はじめに
このドキュメントでは、ワイヤレス速度の問題の緩和に役立つワイヤレスローカルエリアネットワーク(LAN)コントローラ(WLC)の複数の使用例と設定について説明します。
前提条件
WLCに関する十分な知識と、ルーティングおよびスイッチングに関する基本的な知識があることが推奨されます。
ワイヤレスネットワークの速度の問題
ワイヤレスローカルエリアネットワーク(WLAN)の速度の問題は、ワイヤレスネットワークとクライアントデバイスの両方で、さまざまな要因によって発生する可能性があります。これらの問題をトラブルシューティングするには、ネットワークとデバイスの両方を調べる必要があります。
WLCを取り扱う際には、ワイヤレスネットワークが速度とパフォーマンスに最適化されていることを確認するために、いくつかの設定チェックを実行する必要があります。WLCとクライアント側の両方で実行できるチェックを次に示します。
クライアントデバイスでのチェック
クライアントマシンで確認する最も重要なことは、信号強度です。
1. 信号強度:クライアントデバイスのWi-Fi信号強度を確認します。信号が弱い場合、デバイスの接続に問題が発生するか、速度が遅くなる可能性があります。ワイヤレスアクセスポイント(AP)またはWi-Fiルータの近くに移動して、信号が改善されるかどうかを確認します。
1.1. Windowsマシンでの信号強度とSSIDチェック:
最初に、ネットワークのパフォーマンスが低下しているクライアントデバイスを確認します。クライアントが正しいワイヤレスネットワークに接続され、信号が強いことを確認します。
Windows PCの信号強度を確認するコマンド
1.2. MacBookでの信号強度とSSIDチェック:
Macでは、Wi-Fi信号強度のチェックはワンクリック操作です。上部のメニューバーのWi-Fiアイコンをクリックしながら、オプションキーを押したままにします。ドロップダウンメニューで、他のネットワーク関連情報のホストと共にWi-Fi信号強度(dBm単位のRSSI値)を表示できるようになりました。
MACの信号強度
WLCでの設定チェック
WLCの設定の問題による速度低下の問題に関連するいくつかの使用例を次に示します。
使用例1:データレート
データレートは、ワイヤレスデバイスがネットワークと通信できる伝送速度を表します。これらのデータレートは通常、メガビット/秒(Mbps)で測定され、WLCでサポートされるワイヤレス標準とテクノロジーによって異なります。 速度が低下する主な理由の1つは、データレートの低いステータスが必須およびサポート状態に設定されていることです。

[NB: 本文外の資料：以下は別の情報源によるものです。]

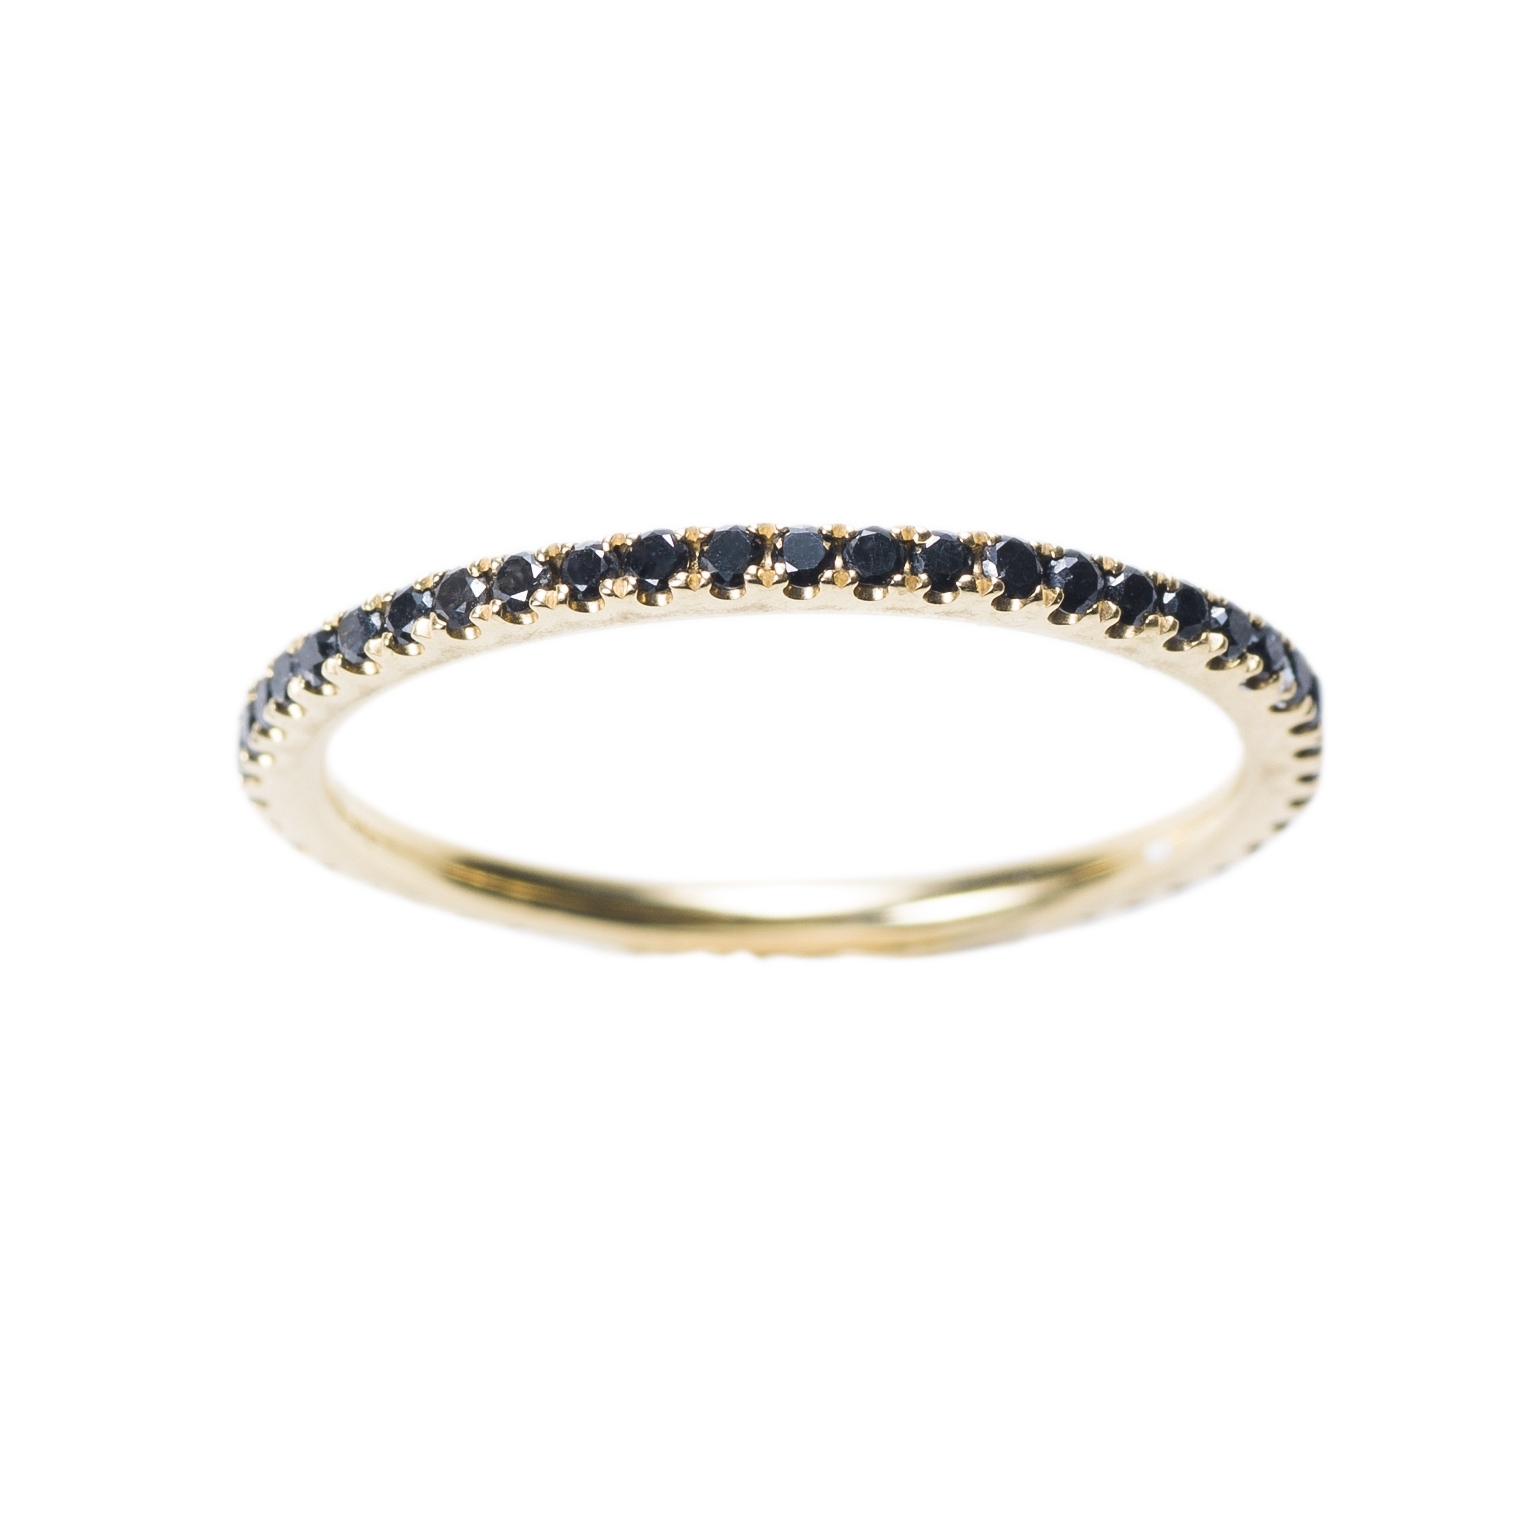 PETIT OLIVIA RING  17.500 NOK. 18 kt gold with black diamonds

シスコでは、パフォーマンスと効率を向上させるために、ワイヤレスネットワークの低データレートを無効にすることを推奨しています。これは、クライアントデバイスがより高いデータレートで接続でき、その結果、速度とパフォーマンスが向上するためです。
注:クライアントデバイスに対するこの変更の影響と互換性を徹底的に評価することが重要です。
1. デフォルトデータレート設定:
デフォルトでは、低データレートは必須およびサポートされている状態に設定されています。
ワイヤレスコントローラ上の特定の無線に設定されたパラメータを表示するには、コントローラのGUIに移動し、WIRELESSタブを選択し、目的の無線を選択します。
5 Ghz無線のデフォルトデータレート
2.4 Ghz無線のデフォルトデータレート
修正:
必要なデータレートは、CLIまたはGUIを使用して無効または有効にすることができます。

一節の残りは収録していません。